## Extracted material
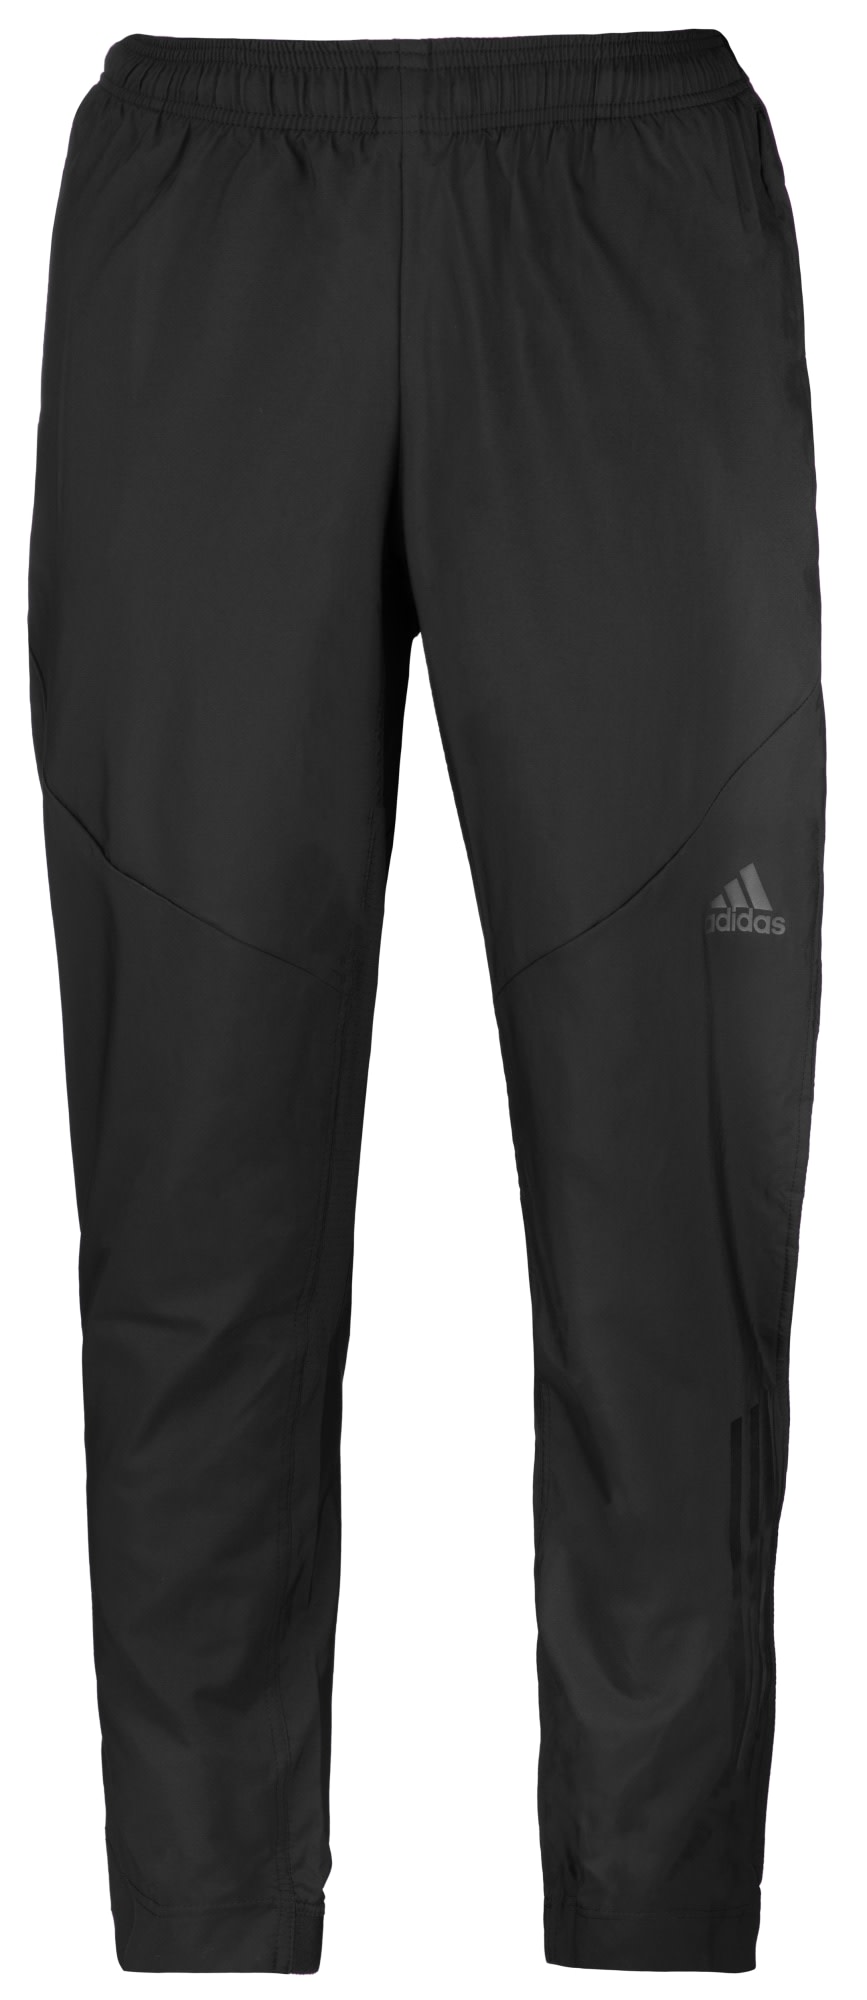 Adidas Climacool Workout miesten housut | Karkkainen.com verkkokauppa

...

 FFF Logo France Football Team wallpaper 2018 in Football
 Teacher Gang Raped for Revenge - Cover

==

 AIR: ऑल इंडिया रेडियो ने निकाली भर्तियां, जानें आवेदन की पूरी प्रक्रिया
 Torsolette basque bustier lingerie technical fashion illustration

## Try it
Set down again, word for word, the stretch of records from the line with "FFF Logo France" to the line with "Teacher Gang Raped for Revenge - Cover", both of those lines included.

## Reply
 FFF Logo France Football Team wallpaper 2018 in Football
 Teacher Gang Raped for Revenge - Cover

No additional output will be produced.